I’m not talking about a toy. I’m talking pretzels.
Here’s a fun fact about me.
I LOVE pretzels. And when I say LOVE, I mean LOVE. Like…more than life. I go to a local bagel shop and buy a salt bagel with mustard SPECIFICALLY BECAUSE it tastes like a pretzel. In Saint Louis, every time I go, there is this meat market that sells these frozen pretzel sticks that you toss in the oven for a few minutes with some salt, I HAVE to get these. I HAVE TO.
So I strived to make my OWN version of the expensive Super Pretzel. AND I DID. Thanks to Alton Brown.
I love you, Alton.
I didn’t add enough water, and realized this after I finishd making the pretzels and looked at the recipe again. I put in 1 1/4 cups, instead of 1 1/2 cups. No big deal, they were just a bit hard to roll into logs. But, whenever I get the opportunity to water boil things, I take it. I’ve made bagels before, and its awesome to boil them. I’m strange this way.
It rose in the hearth (ha), because our kitchen is cold as a result of the VAST QUANTITIES OF SNOW (did I mention that there is a lot of snow outside? Well, there is. Here in Oklahoma, we got A LOT OF SNOW.)
I worked with it, rolled it, SLAVED over it. Then got these cuties.
Then boiled them
Then eggwashed them/salted them
Then was gifted with the wonderment of the pretzel on the top of the page. THANK YOU LORD. SO good if not BETTER than the ones at the ballpark.
No, I will not hide from angry people. Not that there are any. Heh.
Homemade Soft Pretzels
1 1/2 cups warm (110 to 115 degrees F) water
1 tablespoon sugar
2 teaspoons kosher salt
1 package active dry yeast
22 ounces all-purpose flour, approximately 4 1/2 cups
2 ounces unsalted butter, melted
Vegetable oil, for pan
10 cups water
2/3 cup baking soda
1 large egg yolk beaten with 1 tablespoon water
Combine the water, sugar and kosher salt in the bowl of a stand mixer and sprinkle the yeast on top. Allow to sit for 5 minutes or until the mixture begins to foam. Add the flour and butter and, using the dough hook attachment, mix on low speed until well combined. Change to medium speed and knead until the dough is smooth and pulls away from the side of the bowl, approximately 4 to 5 minutes. Remove the dough from the bowl, clean the bowl and then oil it well with vegetable oil. Return the dough to the bowl, cover with plastic wrap and sit in a warm place for approximately 50 to 55 minutes or until the dough has doubled in size.
Preheat the oven to 450 degrees F. Line 2 half-sheet pans with parchment paper and lightly brush with the vegetable oil.
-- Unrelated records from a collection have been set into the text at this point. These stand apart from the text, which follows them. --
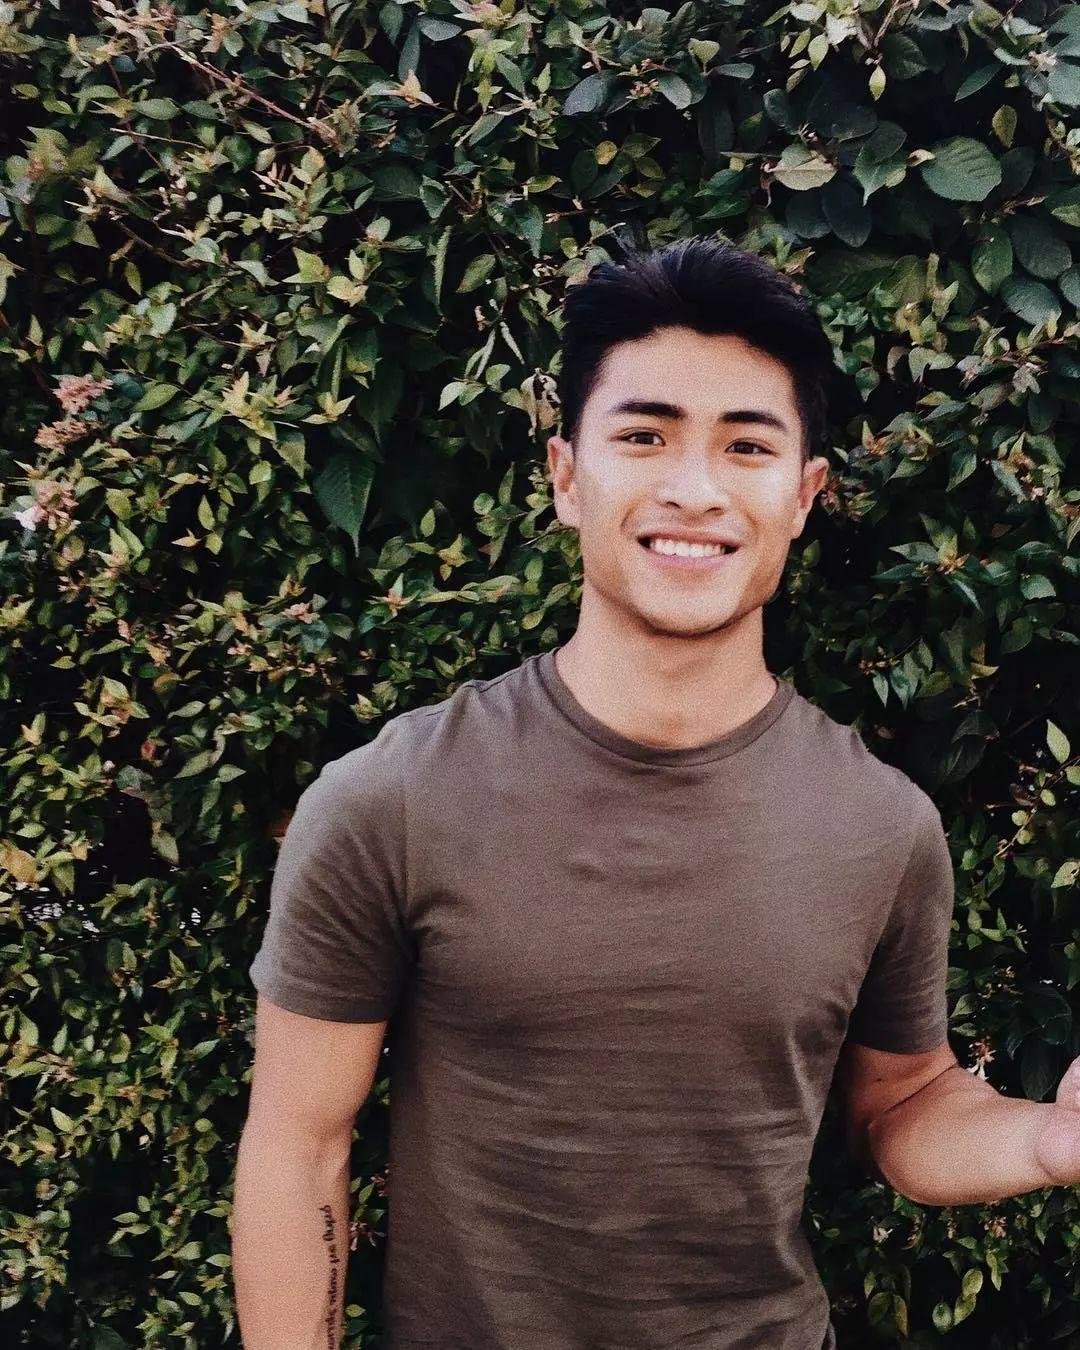 他成为首位登上杂志的亚洲男模,这套写真刷屏了朋友圈!
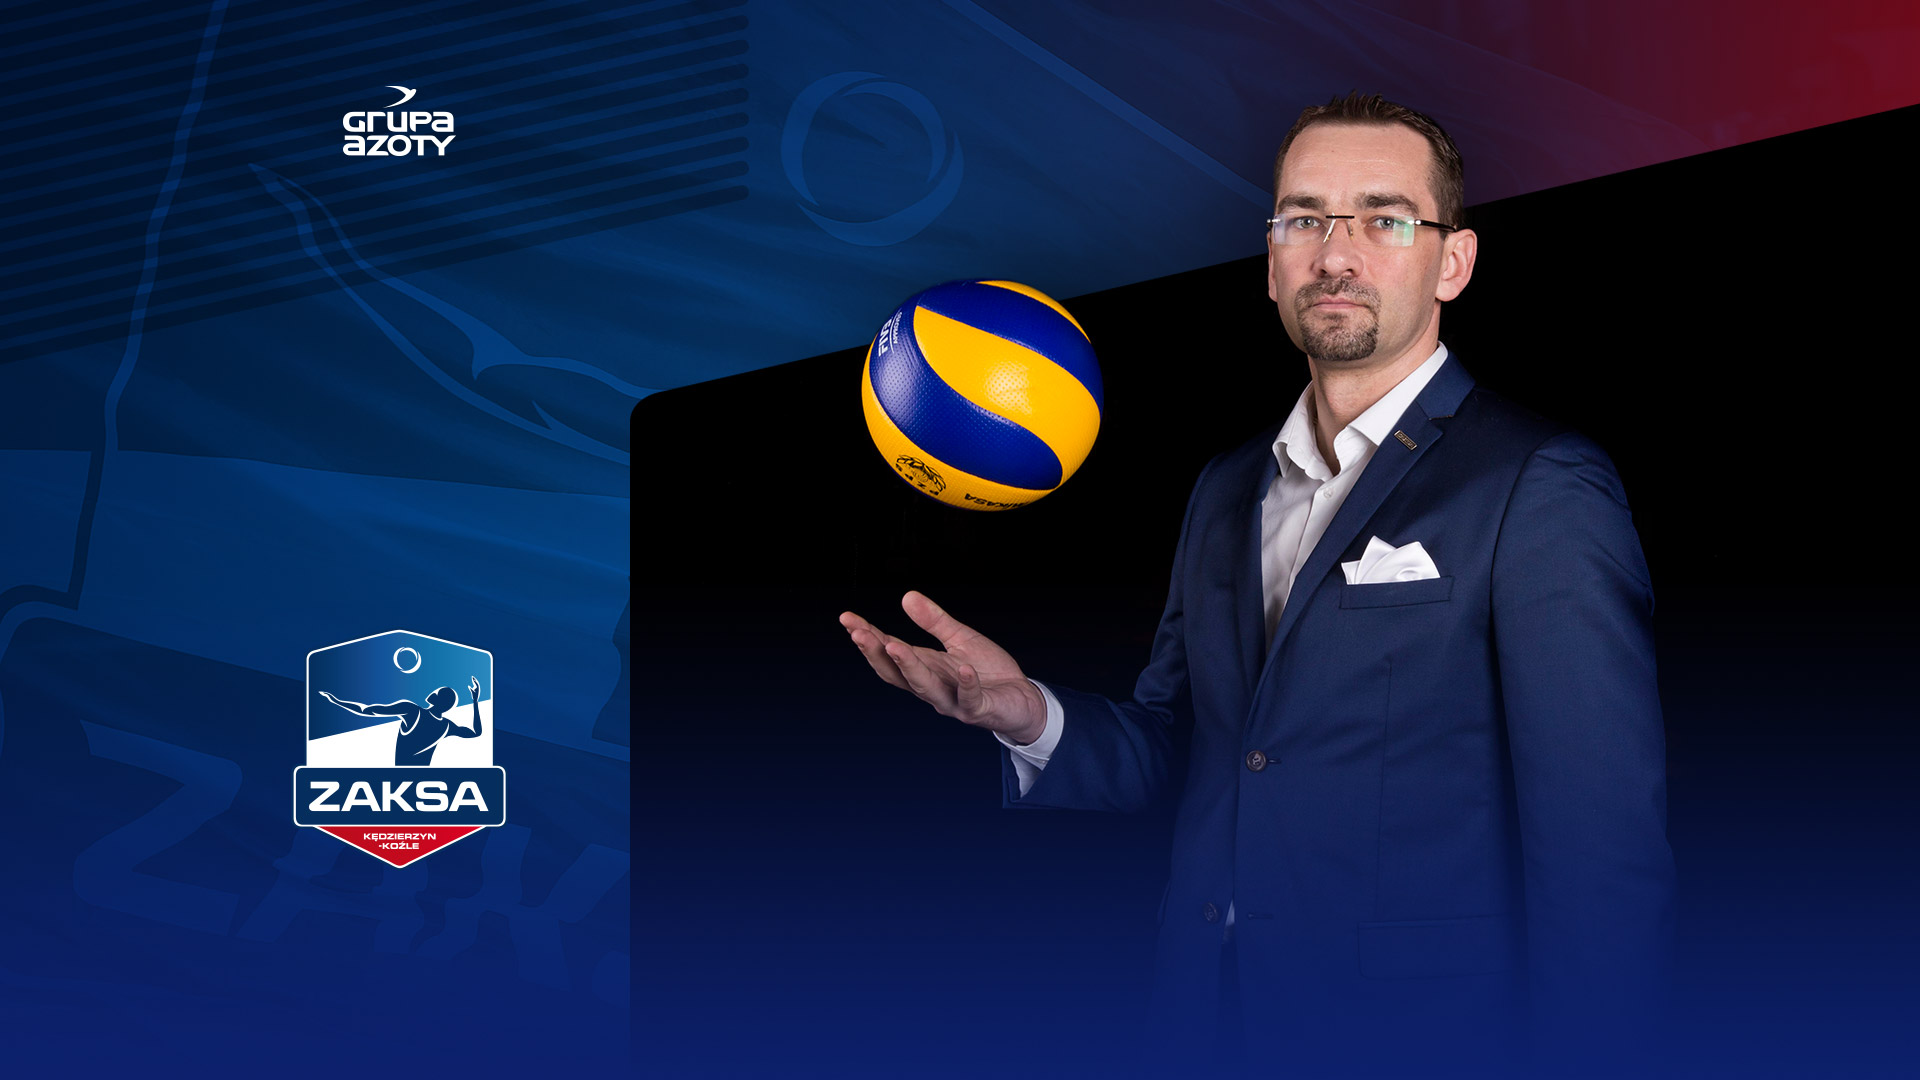 Prezes ZAKSA S.A. nowym prezesem Polskiego Związku Piłki Siatkowej
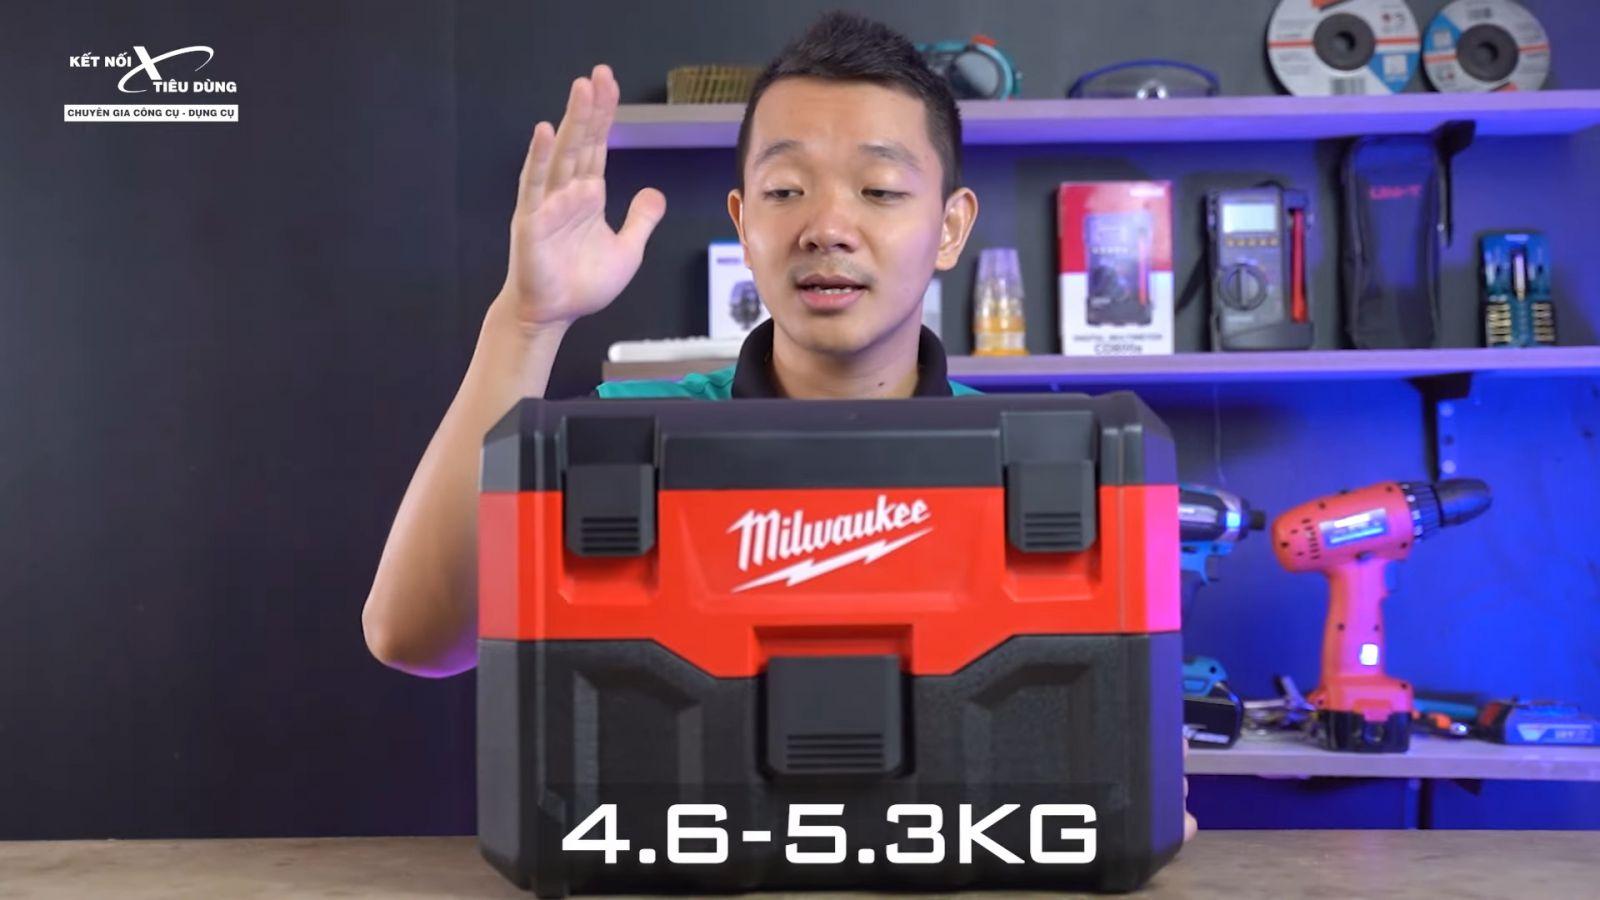 Review thùng ướp bia Milwaukee đội lốt máy hút bụi - M18 VC2: Xịn sò, hầm hố, build cao, đi công trường ngon - ưu điểm nổi bật của máy hút bụi

Set aside.
Bring the 10 cups of water and the baking soda to a rolling boil in an 8-quart saucepan or roasting pan.
In the meantime, turn the dough out onto a slightly oiled work surface and divide into 8 equal pieces. Roll out each piece of dough into a 24-inch rope. Make a U-shape with the rope, holding the ends of the rope, cross them over each other and press onto the bottom of the U in order to form the shape of a pretzel. Place onto the parchment-lined half sheet pan.
Place the pretzels into the boiling water, 1 by 1, for 30 seconds. Remove them from the water using a large flat spatula. Return to the half sheet pan, brush the top of each pretzel with the beaten egg yolk and water mixture and sprinkle with the pretzel salt. Bake until dark golden brown in color, approximately 12 to 14 minutes. Transfer to a cooling rack for at least 5 minutes before serving.
Happy Baking! Enjoy your pretzels! Oh man. Help me.